Follansbee

4X2

an online poetry journal

Photo by Melissa Hotchkiss

  • Big Bang

    by Pete Follansbee

    Then there was the day
    I showed the schoolchildren
    the wolf spider I had
    collected from the floor
    and onto a page of paper
    so as not to kill her but
    to show her humanely
    outside.

    But before I could
    get her to the door,
    she slipped, like an idea,
    off the page, and fell
    to the white tile floor
    where, to our surprise, her
    so-many babies splashed
    away like drops from an object
    fallen in, say, a pond or a lake
    or even an ocean, for
    the size of the expanse of
    water makes no difference;
    it’s simply the impact and its
    so-many arcs of consequence, the
    trajectories already decided
    by the speed and angle
    of the fall.

    And on this day, the mother
    spider fell from perhaps two
    feet and the expanse she hit
    was solid white tile, but still
    her children splashed so beautifully
    off her back and away, not a one
    hurt nor the mother, all
    of whom scattered like drops
    so quickly to the edges of the
    slick and shiny floor, and to the walls
    and any edge of darkness they
    could find to get away from this
    light, this broad and cold
    openness, this sudden and barren air.

Poet's Statement: While the title, "Big Bang," alludes to that moment when the universe began, the poem's inspiration emerged from a very small-scale and local event: the "explosion" of baby wolf spiders off their mother's back and body. Still, this small event prompted startled amazement from me and the two witnesses who were with me. Our amazement eventually subsided into concern, mainly for the mother and her so many babies, all scattered across the floor of their new universe. And sometime soon thereafter, the poem itself exploded—though very quietly—into being.
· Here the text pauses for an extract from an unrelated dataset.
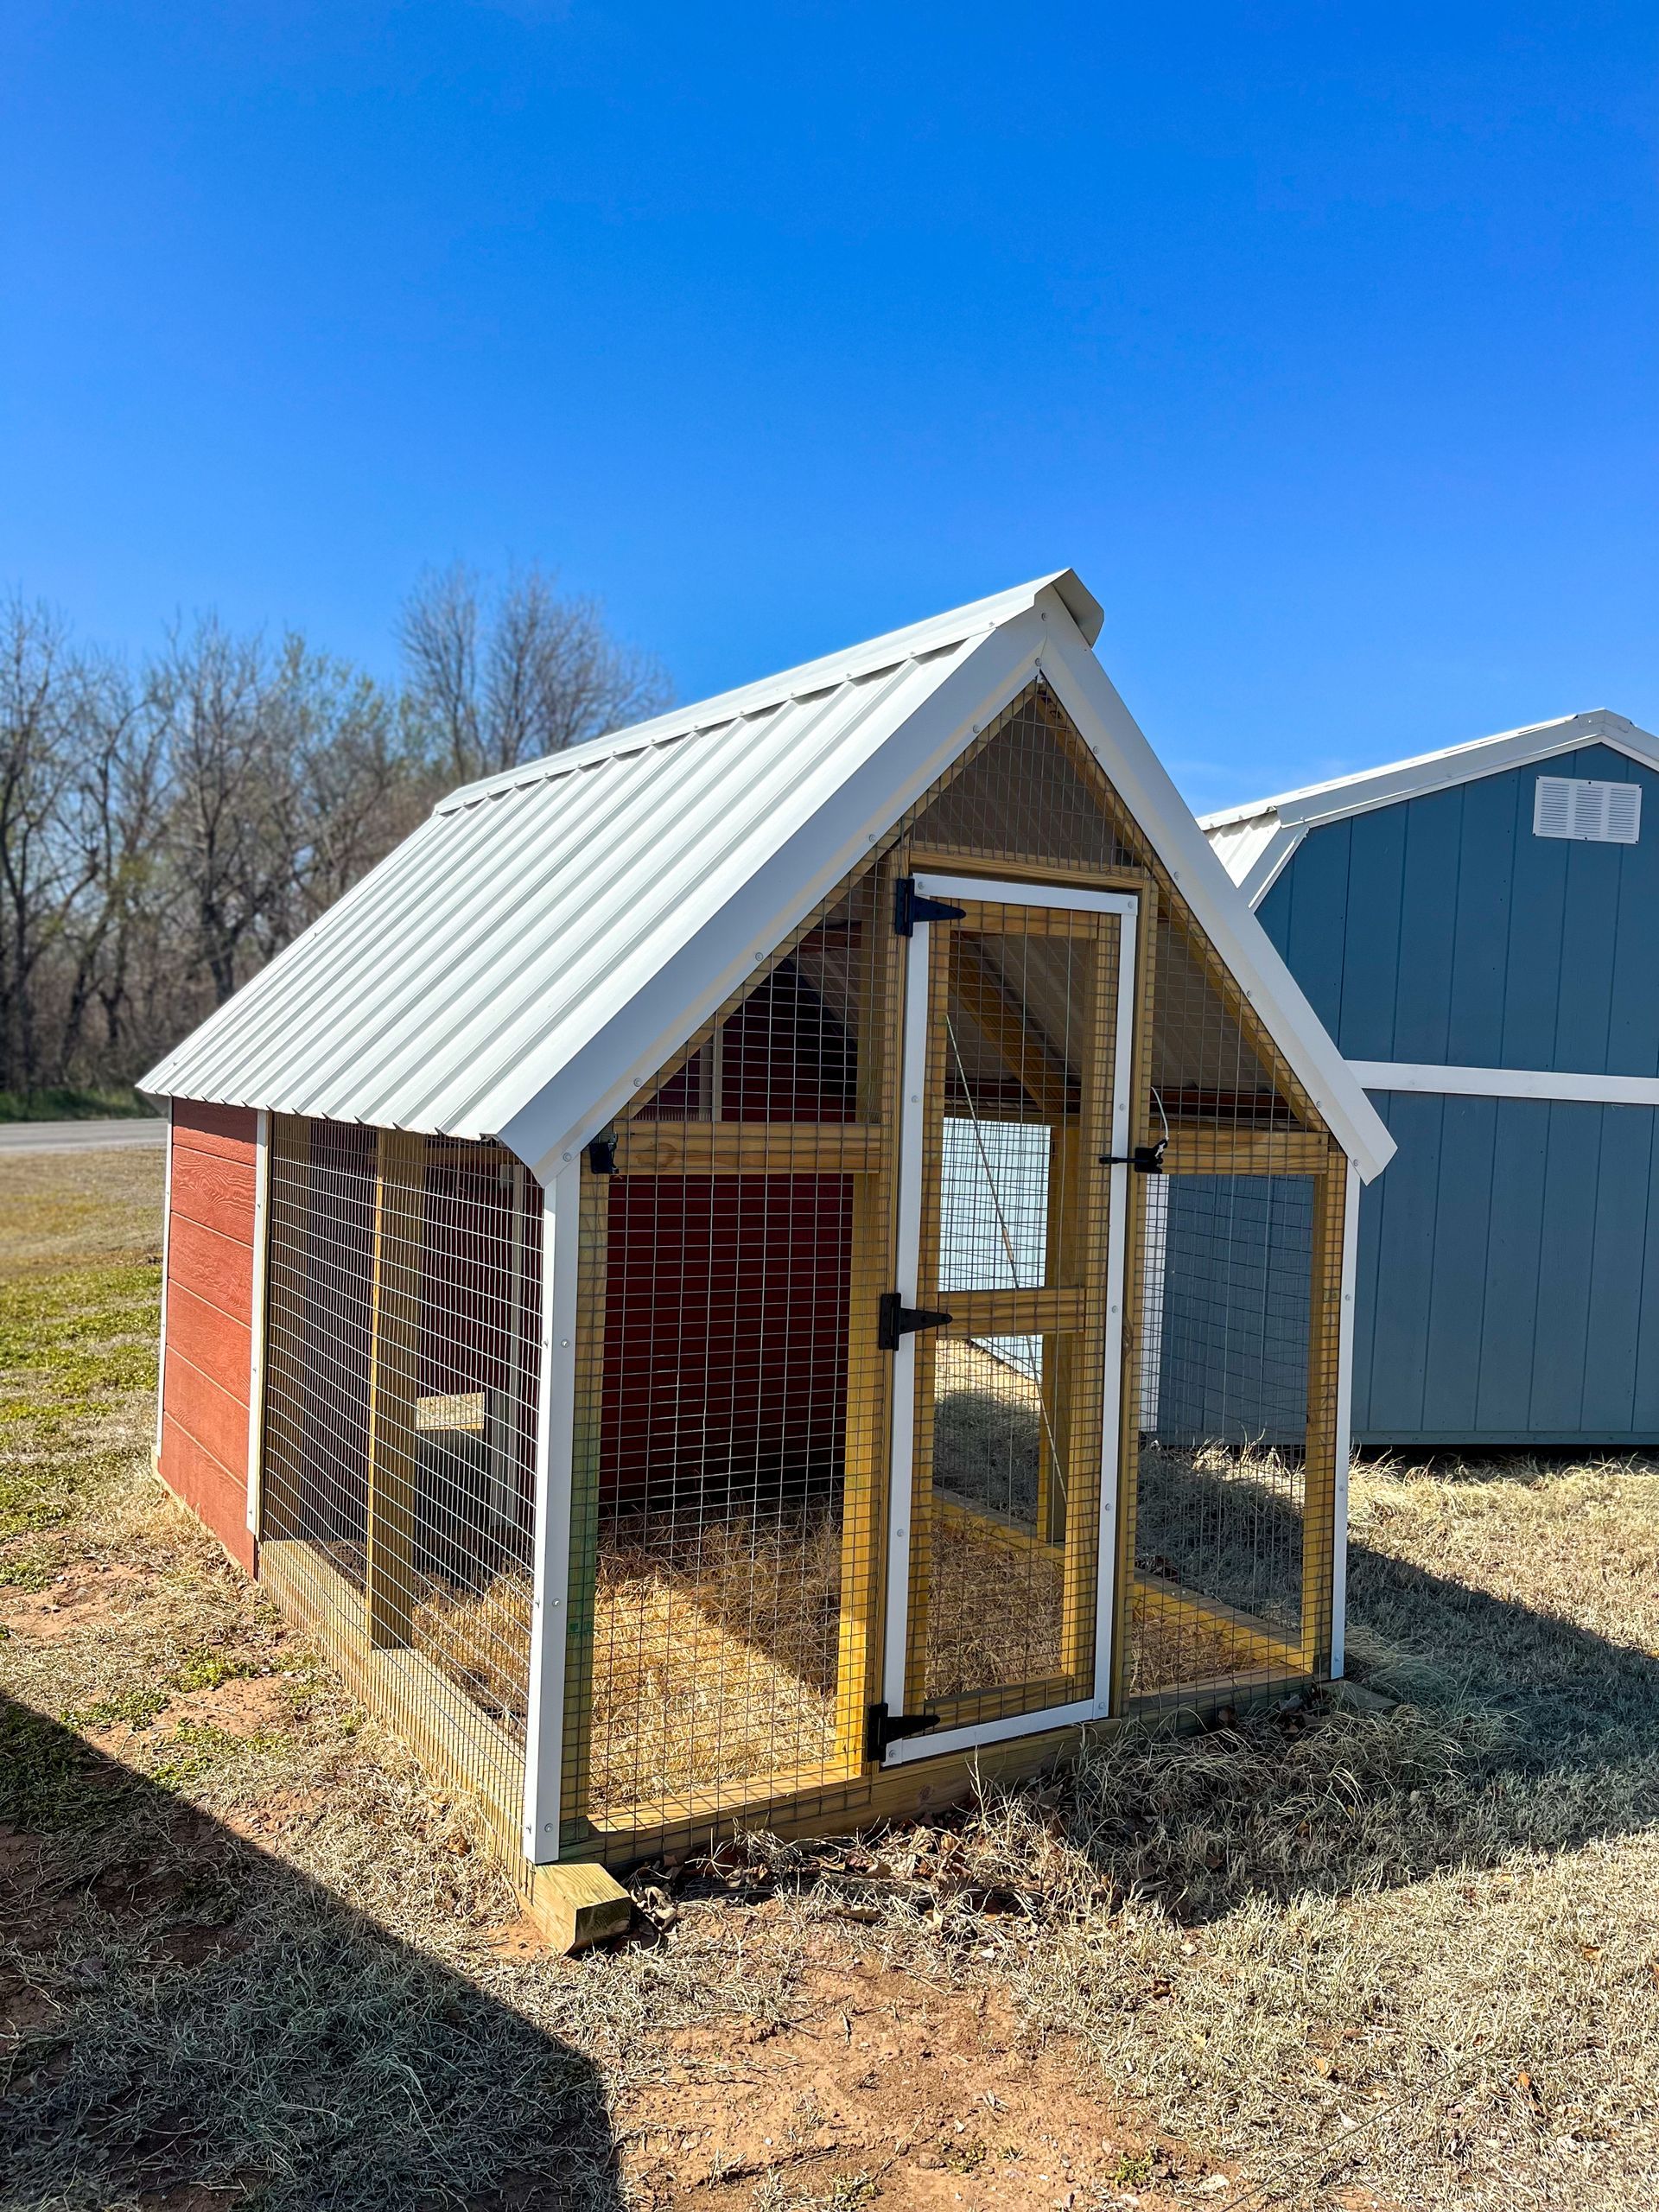 A small wooden chicken coop with a metal roof is sitting on top of a dirt field.
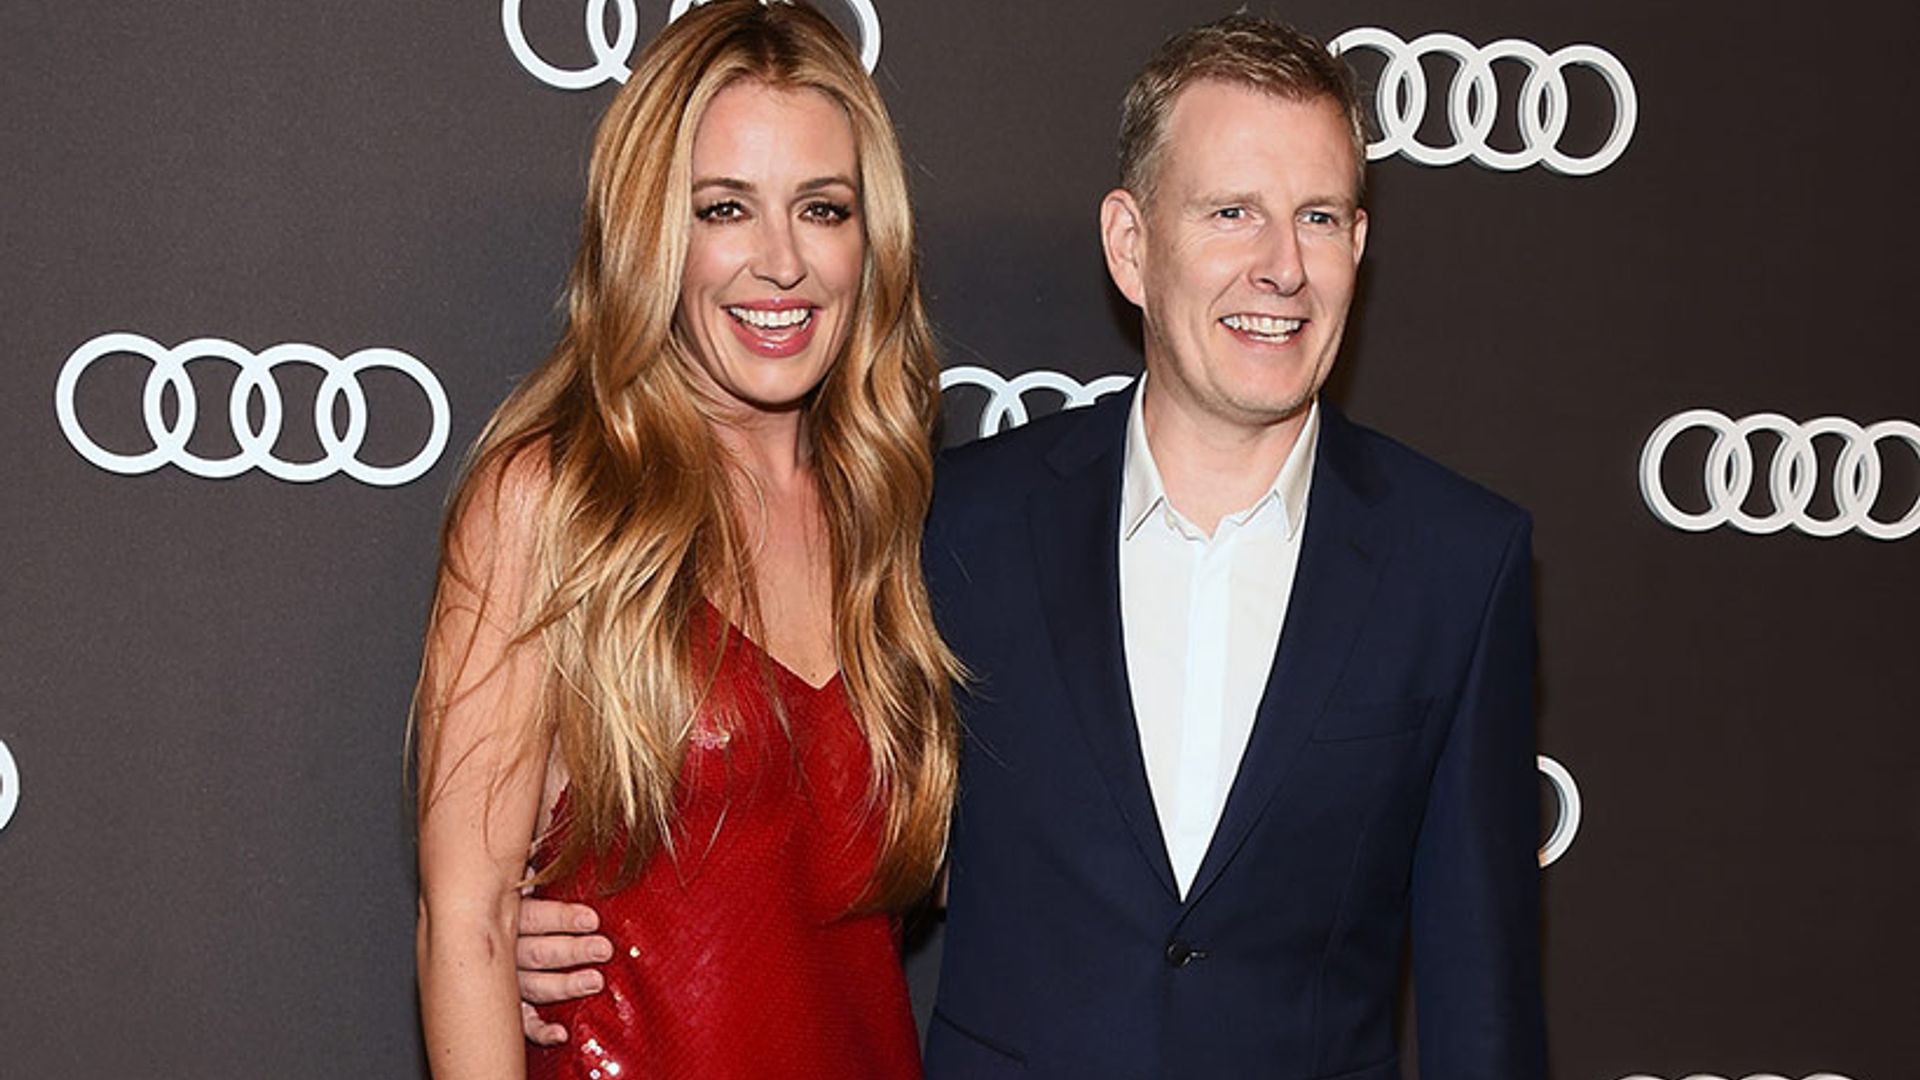 Loved-up Cat Deeley and Patrick Kielty make rare appearance together at event

Bio: Currently, Pete Follansbee's poem, "Outside In," appears in the inaugural edition of Beyond Words, an arts journal out of Berlin, Germany. Also, a recent poem, "Four-Year-Old-Child, Falling" is online (poem number 4) in the January issue of 8 Poems, and Pete's "Dark Heart," about the tragic Charlottesville alt-right demonstrations three summers ago, is still online at the About Place Journal (in Vol V, Issue IV "Infinite Country"). Pete's work has also appeared in The New Guard, The Atticus Review, and The North American Review, as well as in other journals. An MFA graduate from The University of Iowa Writers' Workshop, Pete currently lives and teaches in the newly hip city of Richmond, Virginia.